If executive privilege were to be applied in this instance to the Justice Department, then the unitary theory of government in which all power resides in a single vessel, a great Decider, would render the Constitution’s grant of powers to three branches of government defunct.
Even Nixon, in asserting executive privilege in the heat of the Watergate scandal, did not claim that it applied to decisions made in the Justice Department. Attorney General John Mitchell, found guilty of perjury and obstruction of justice, could not be protected from prosecution for his part in what he called the “White House horrors.”

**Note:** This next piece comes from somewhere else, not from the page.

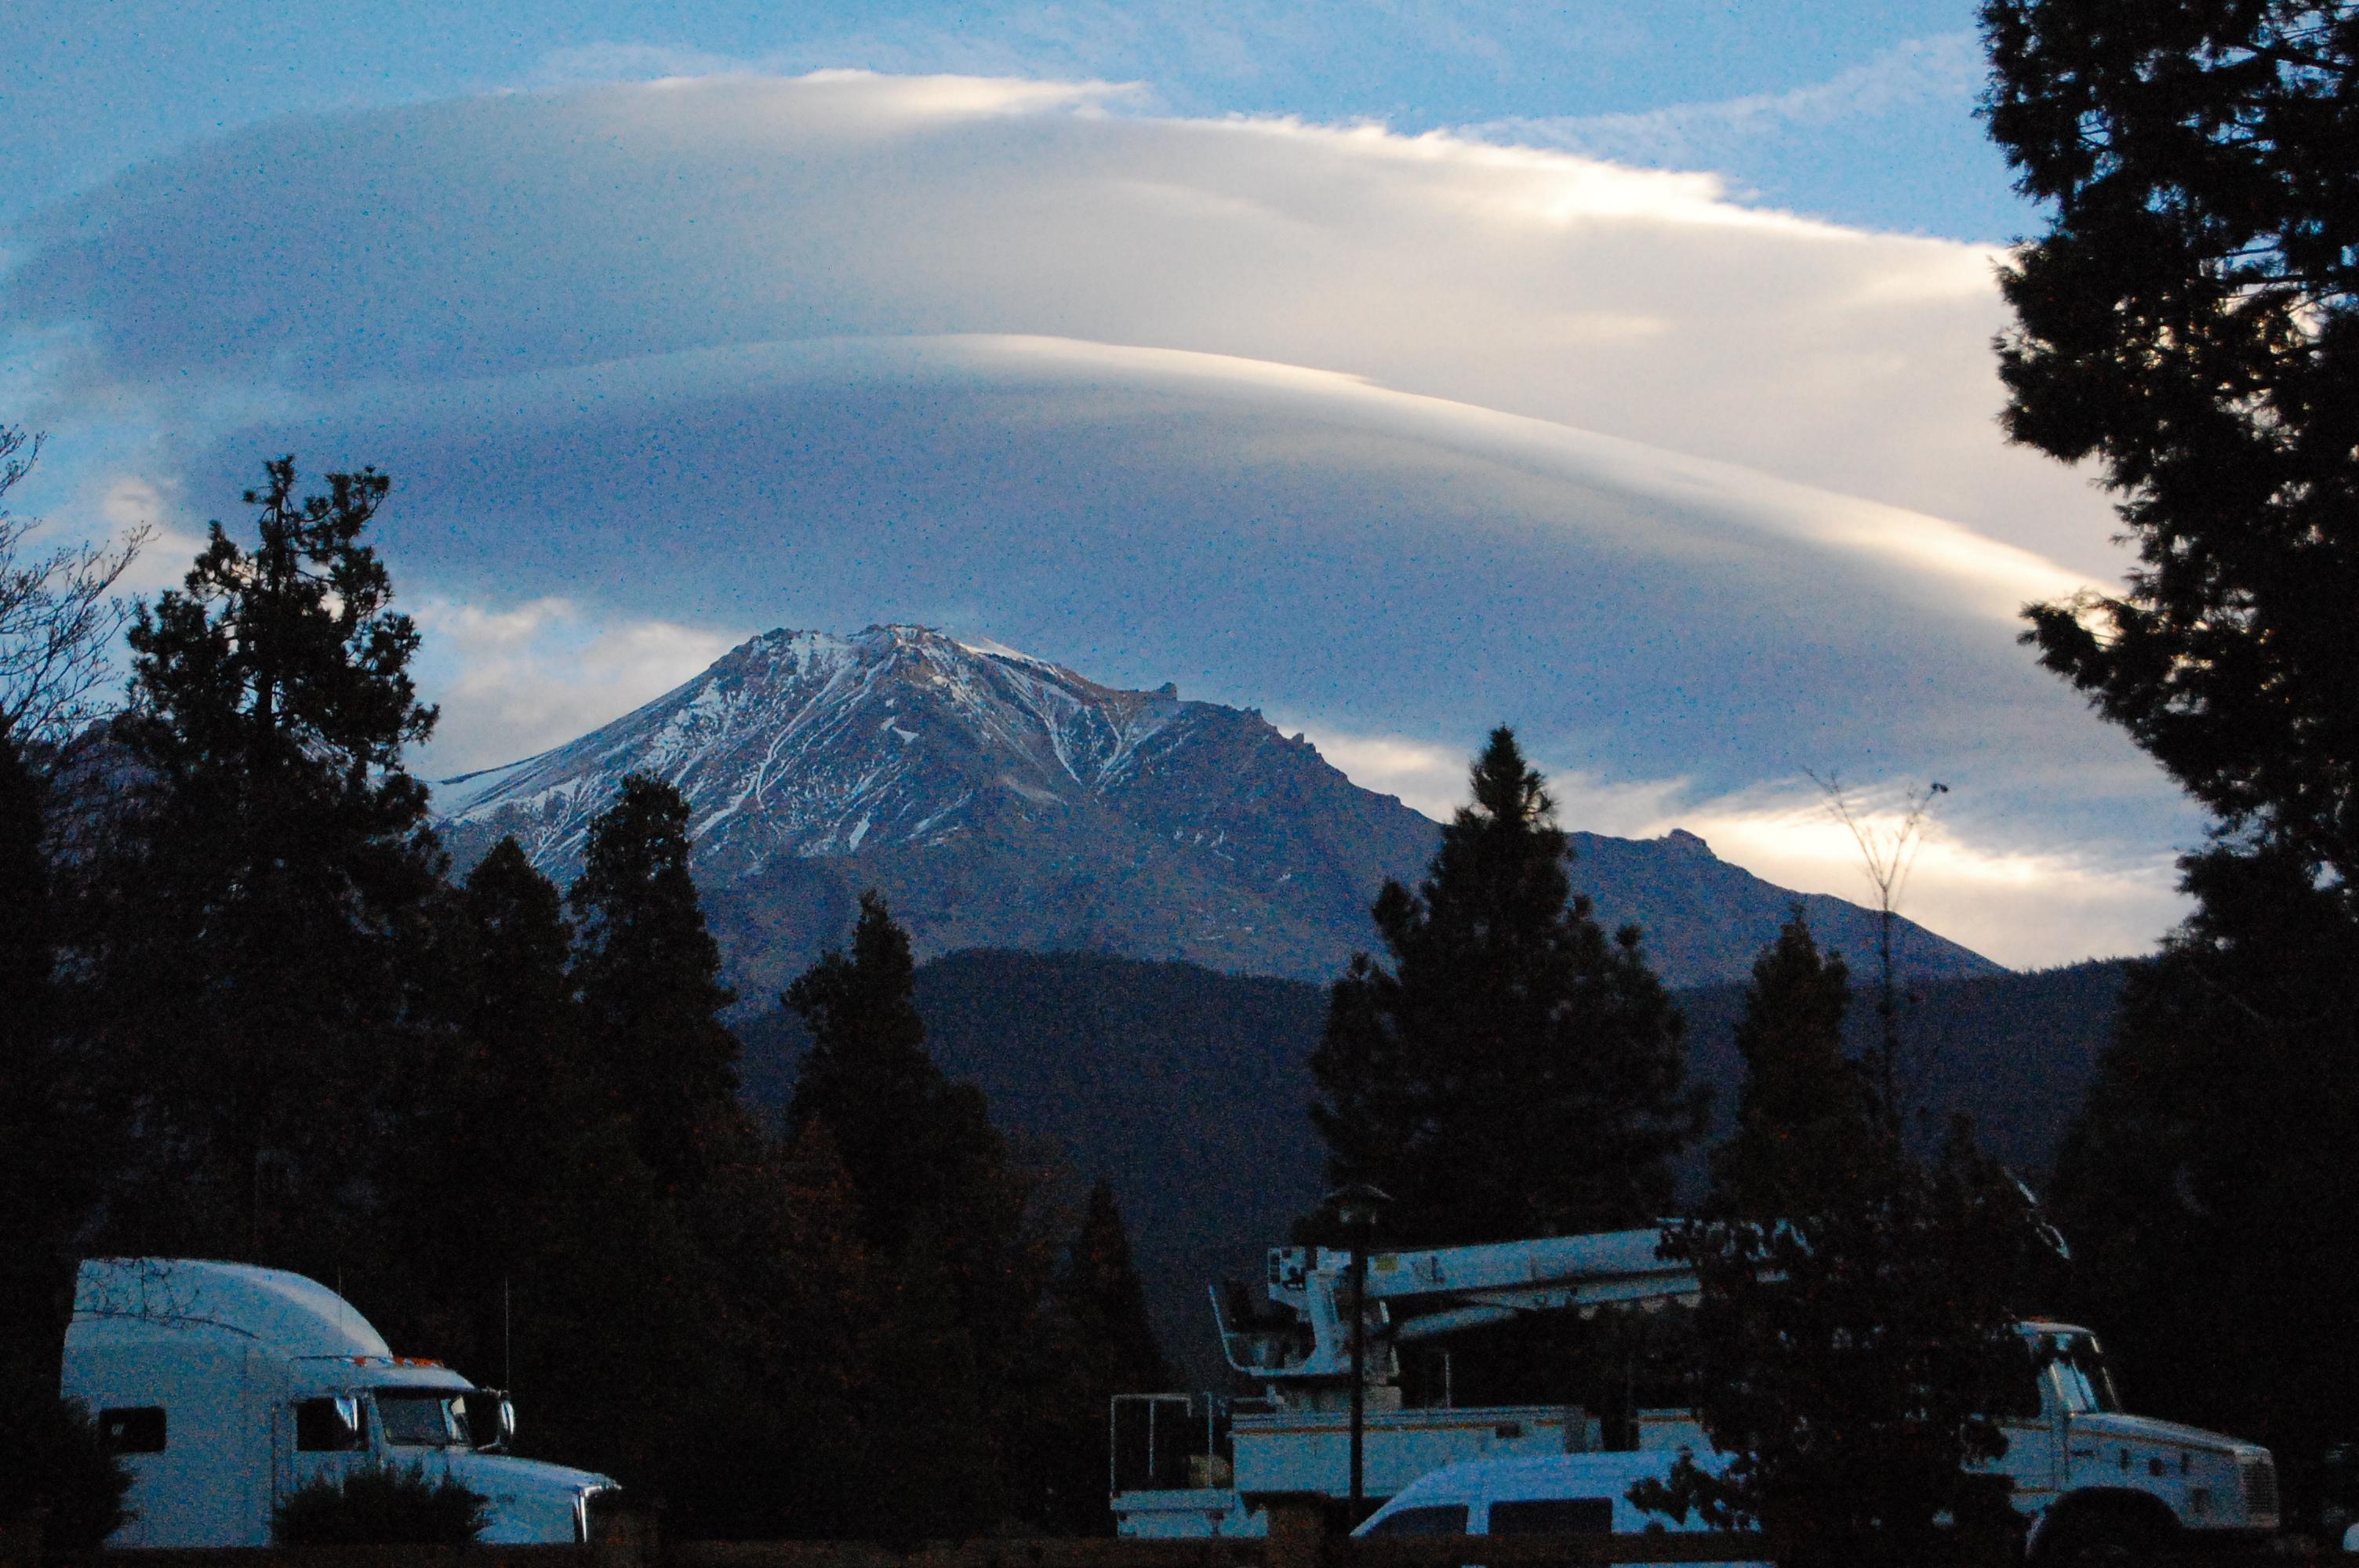 View of Mount Shasta

Dick Cheney, the greatest exponent of the Nixonian concept of the presidency, more successful than Nixon, has usurped in his grasp of executive power even command of domestic legal policy. But we have seen only a flicker of a shadow of his power. And Bush knows that Rove, too, has played puppet master. Losing Gonzales would raise the curtain on this era’s “White House horrors.” So Bush throws executive privilege over everyone he can. The yes man has become the indispensable man.